CLDR license (botom of the page): I
my eyes this is a BSD like license. If somebody thinks the license is
not OK, please say so. Copy is attached to this mail.

> 1. Weekday and month names (full and abbreviated) - these should
>    almost certainly be available from CLDR or other public sources.
> 2. Time format strings for strftime - unless CLDR has C-oriented data
>    like that, these might not be available in a form that's easy to
>    automatically adapt. Research on this topic is welcome.
> 3. Regexes for yes and no responses - seems unlikely to be in CLDR,
>    but again I'd be happy for someone to prove me wrong.
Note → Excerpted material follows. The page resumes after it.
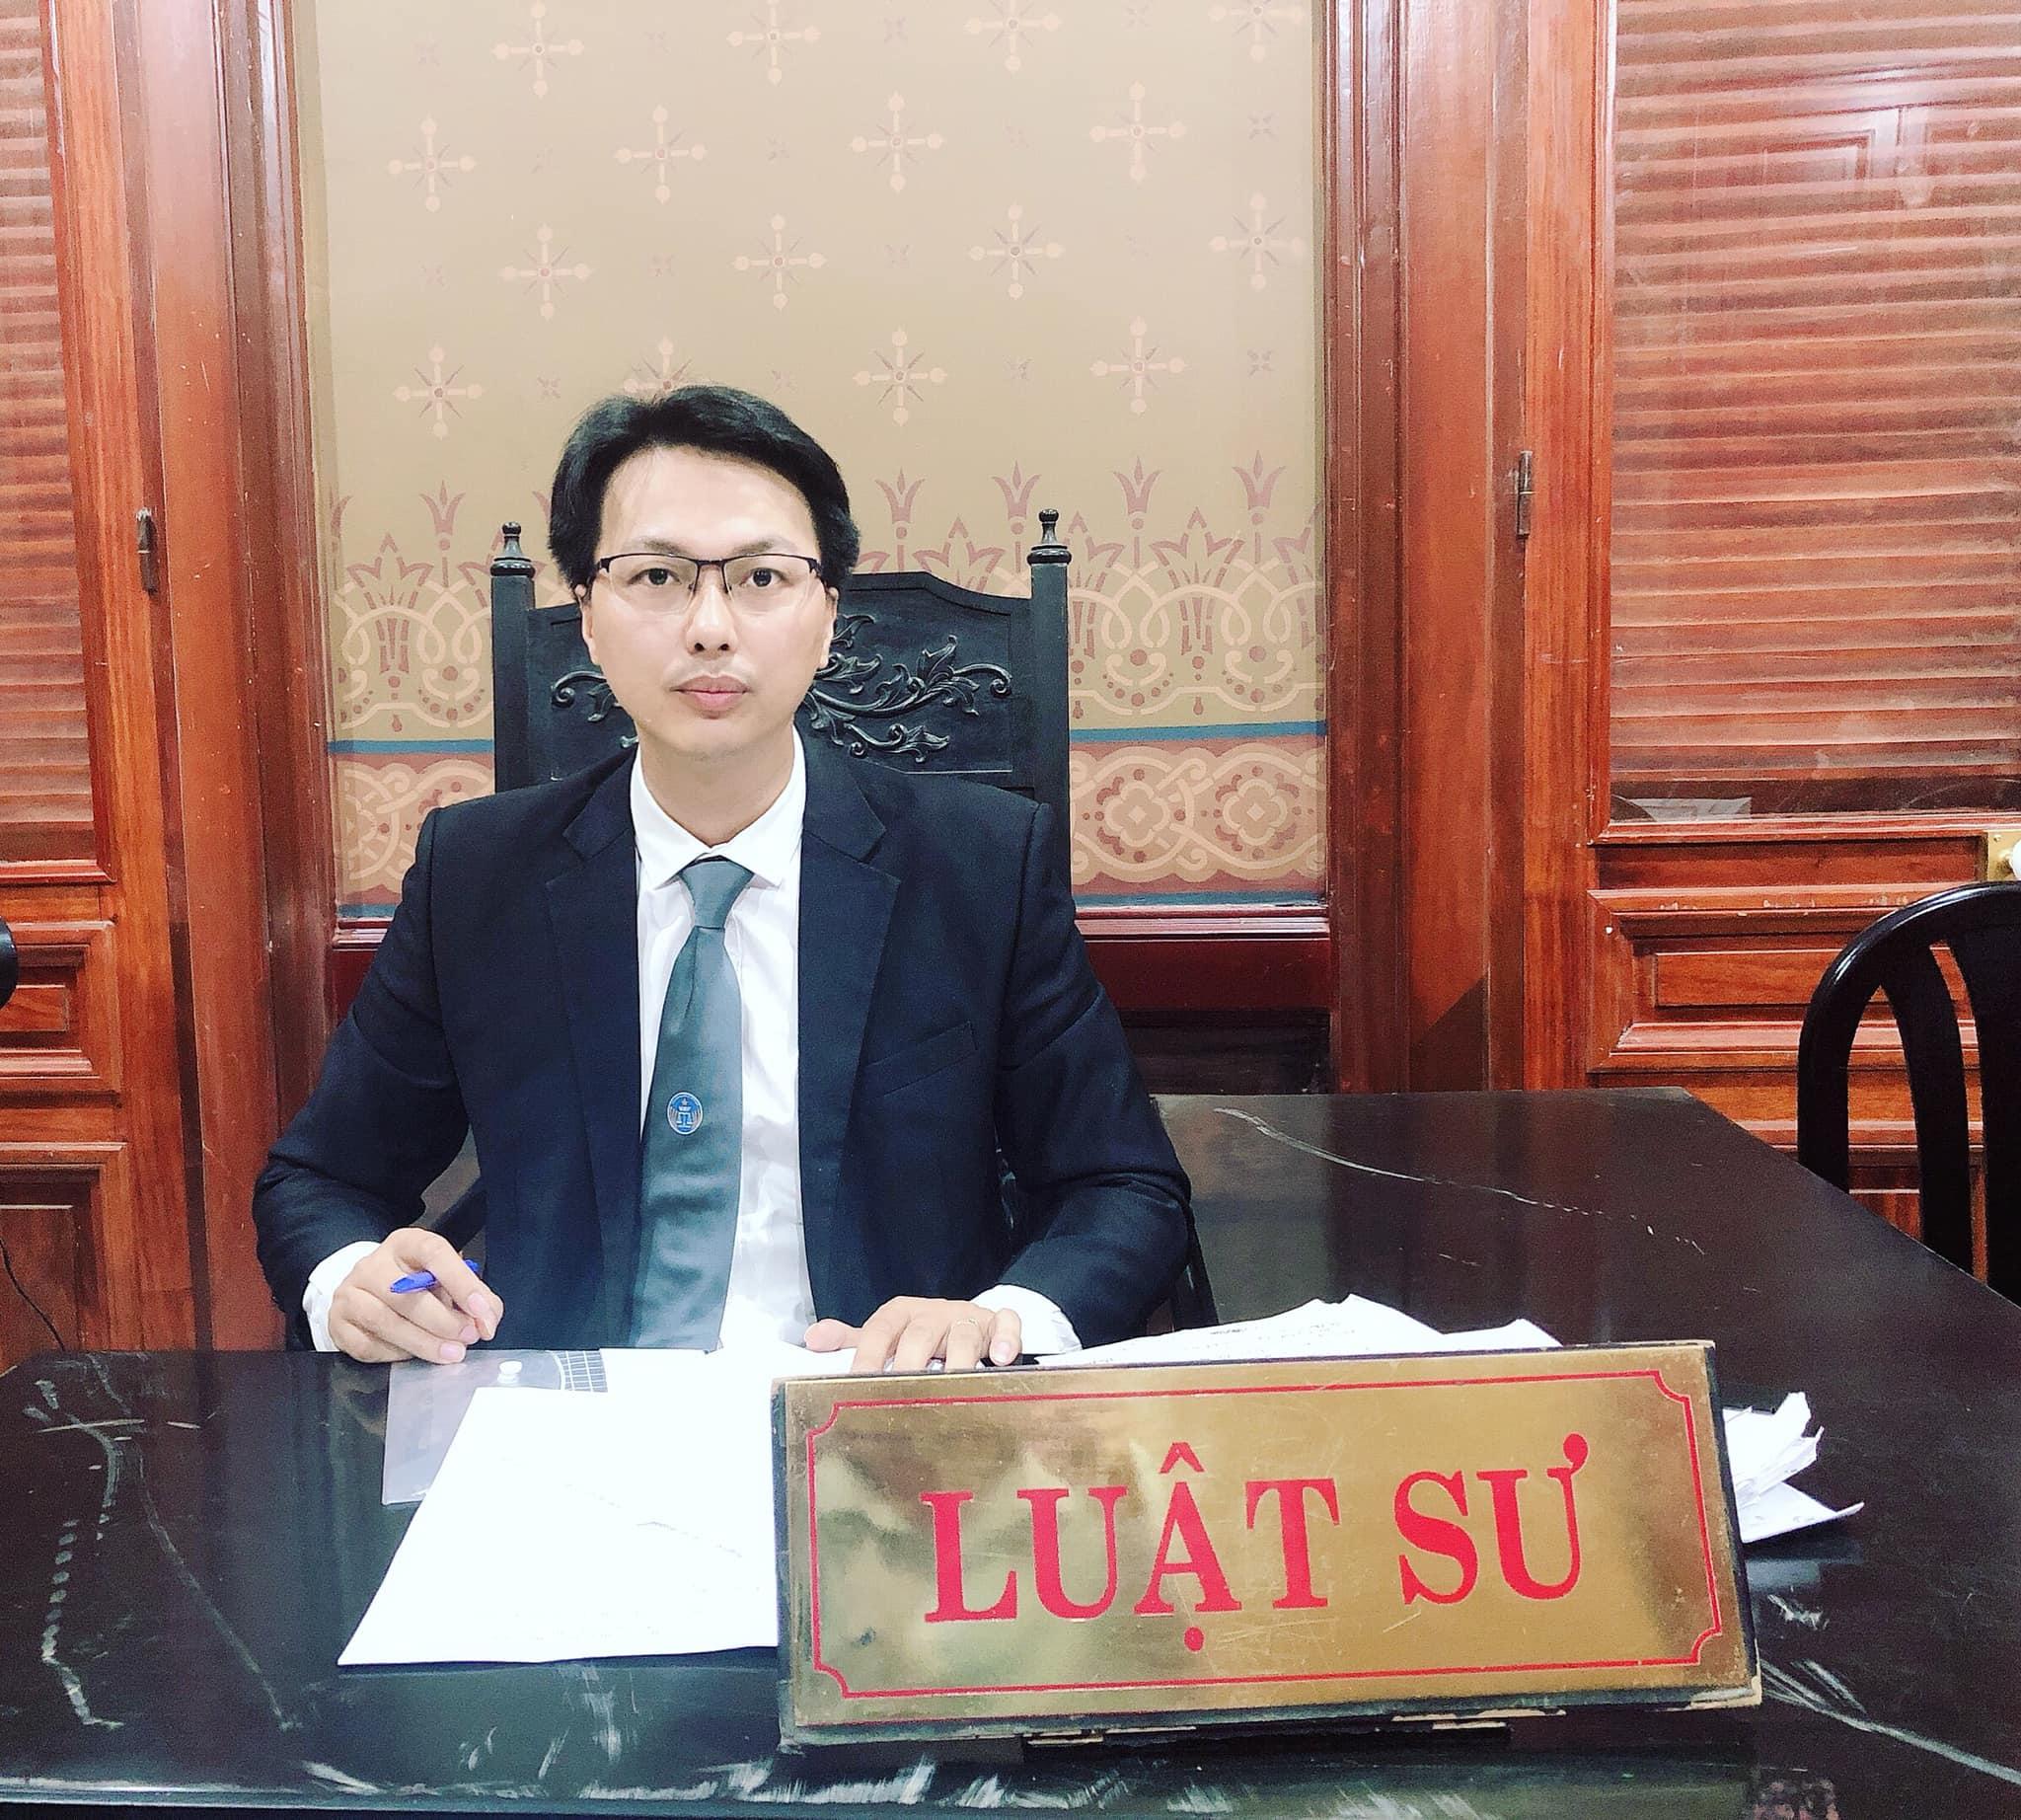 Nữ sinh tổ chức cho người Trung Quốc nhập cảnh trái phép ở Hà Nội đối mặt với mức án nào? - Ảnh 3.

> 4. Translations of the message strings in libc. Note that musl's
>    strings already deviate some from the legacy strings used on glibc
>    and other systems. For example the strerror strings are adjusted to
>    align more closely with the POSIX description and the actual
>    situations they arise in than the legacy strings (like "Not a
>    typewriter"). I'd like to aim to have our translated strings
>    equally modernized. And before really spending a lot of work on
>    these we should review the English strings again for possible
>    improvements and missing messages (I think some newer error codes
>    may be missing).
> 5. Collation rules - these almost certainly can come from Unicode/CLDR
>    but musl does not even support collation yet.
> 6. Monetary formatting and currency names - these almost certain can
>    come from CLDR or other public sources, but again the code to use
>    the data isn't there yet.
>> Contribution is not completely open, but you normally interested
>> people get access if they want to. I got mine within a week.
>> This is only a suggestion open to discussion. What do you guys think about it?
> Overall I like it. But I think we still need a maintainer to manage
> pulling the data, maintaining string translations for messages, etc.
> Any comments on my items 1-6 above?